Publications in Scientific Journals:
K. Rötzer, C. Montzka, H. Bogena, W. Wagner, Y. Kerr, R. Kidd, H. Vereecken:
"Catchment scale validation of SMOS and ASCAT soil moisture products using hydrological modeling and temporal stability analysis";
Journal of Hydrology,
519, Part A
Since soil moisture is an important influencing factor of the hydrological cycle, knowledge of its spatio-temporal dynamics is crucial for climate and hydrological modeling. In recent years several soil moisture data products from satellite information have become available with global coverage and sub-monthly resolution. Since the remote sensing of soil moisture is an indirect measurement method and influenced by a large number of factors (e.g. atmospheric correction, vegetation, soil roughness, etc.), a comprehensive validation of the resulting soil moisture products is required. However, the coarse spatial resolution of these products hampers the comparison with point-scale in situ measurements. Therefore, upscaling of in situ to the scale of the satellite data is needed.

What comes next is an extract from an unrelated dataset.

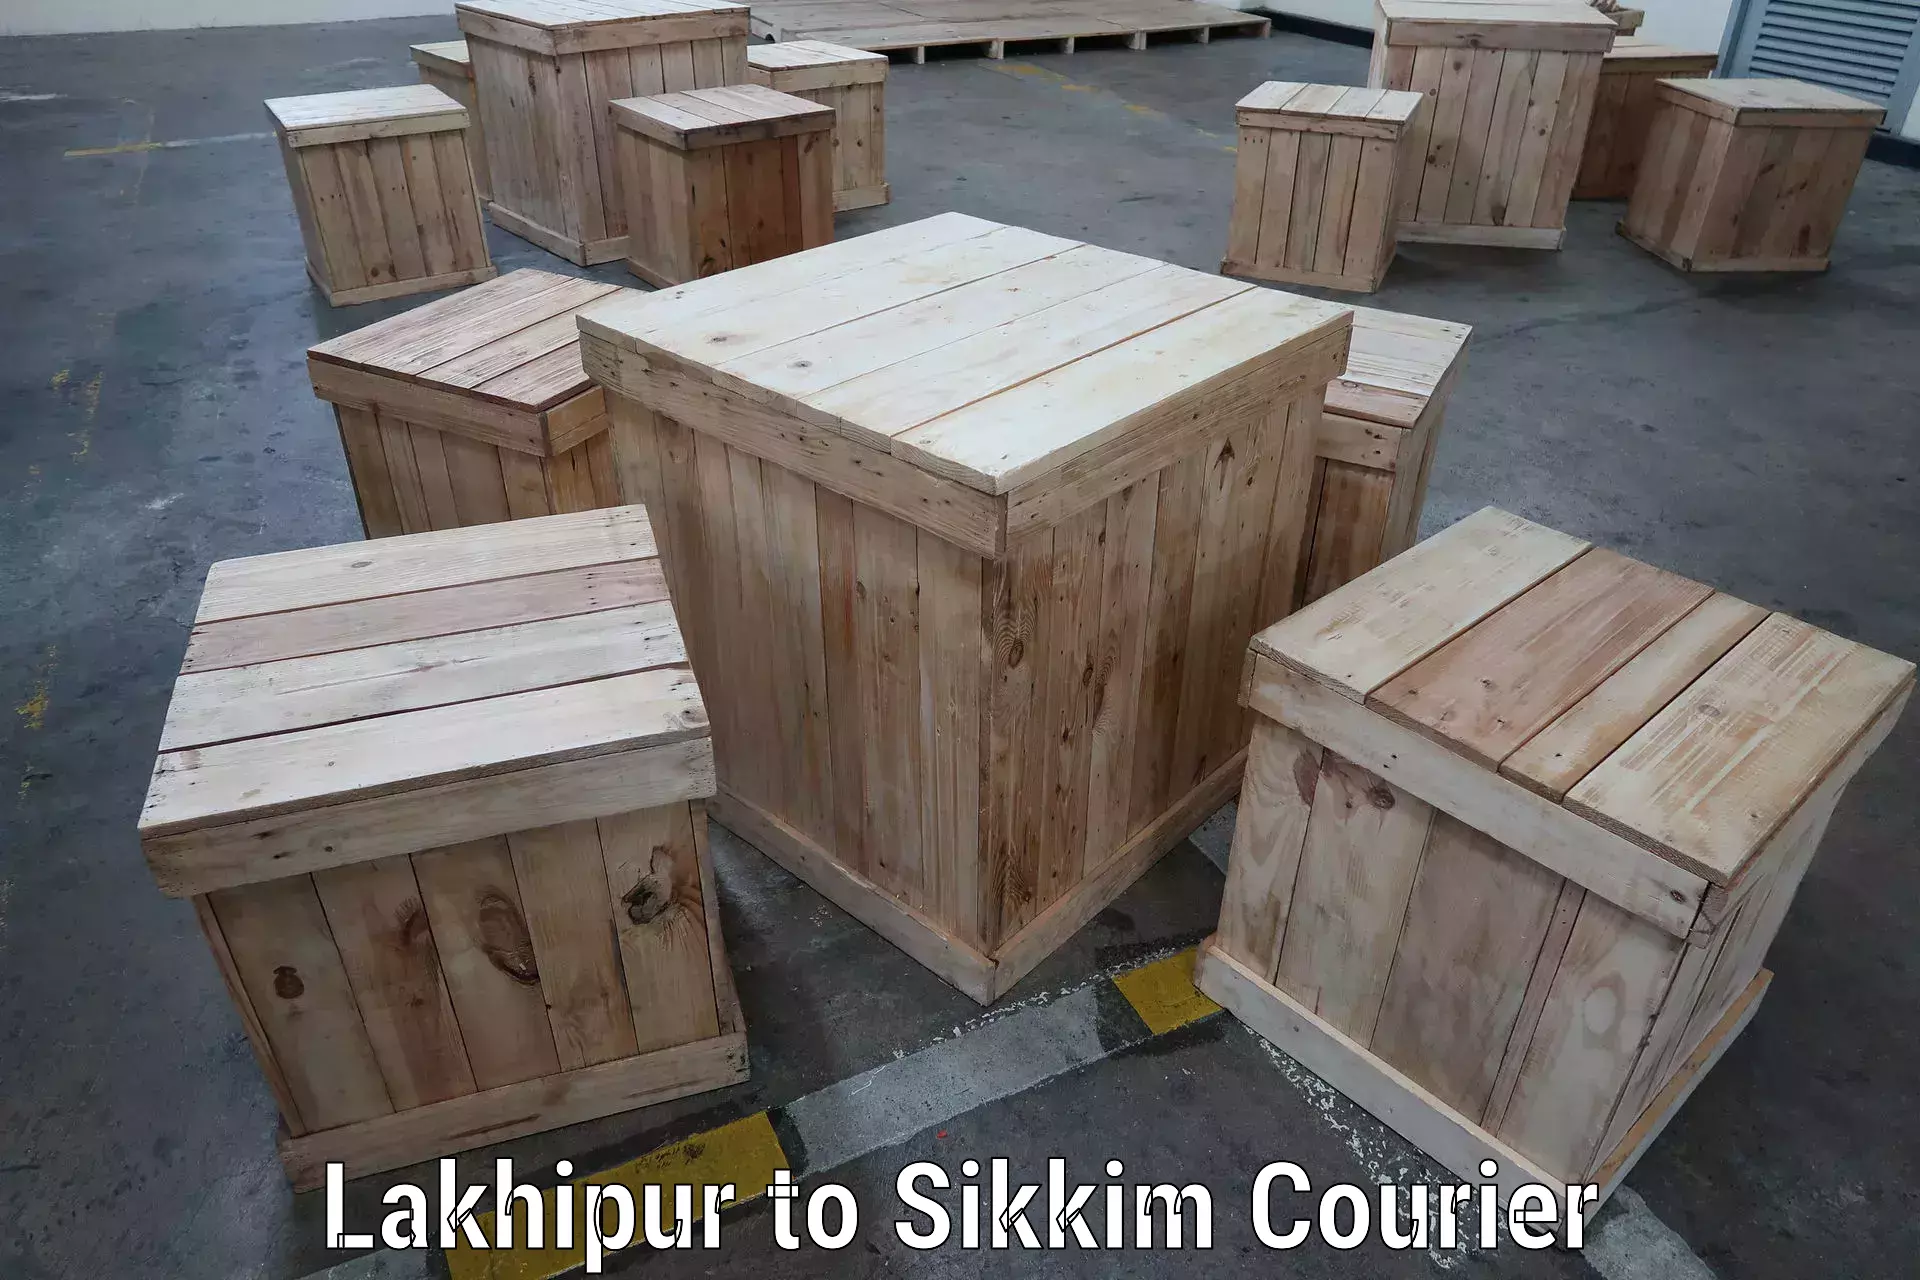 Full-service courier options Lakhipur to Jorethang

We present the validation results of the soil moisture products of the years 2010-2012 retrieved from the Soil Moisture and Ocean Salinity (SMOS) and the Advanced Scatterometer (ASCAT) for the Rur and Erft catchments in western Germany. For the upscaling of in situ data obtained from three test sites of the Terrestrial Environmental Observatories (TERENO) initiative we used the hydrological model WaSiM ETH. Correlation of the SMOS product to modeled and upscaled soil moisture resulted in a mean correlation coefficient of 0.28 whereas for ASCAT a correlation coefficient of 0.50 was obtained. However, for specific regions the SMOS product showed similar correlation coefficients as the ASCAT product. While for ASCAT correlation was mainly dependent on topography and vegetation, SMOS was also influenced by radiofrequency interferences in our study area. Both products show dry biases as compared to the soil moisture reference. However, while SMOS showed relatively constant bias values, ASCAT bias is variable throughout the year. As an additional validation method we performed a temporal stability analysis of the retrieved spatio-temporal soil moisture data. Through investigation of mean relative differences of soil moisture for every pixel, their standard deviations and their rankings, we analyzed the temporal persistence of spatial patterns. Our results show high standard deviations for both SMOS and ASCAT soil moisture products as compared to modeled soil moisture, indicating a lower temporal persistence. The consistence of ranks of mean relative differences was low for SMOS and relative ASCAT soil moisture compared to modeled soil moisture, while ASCAT soil moisture, converted to absolute values, showed higher rank consistence.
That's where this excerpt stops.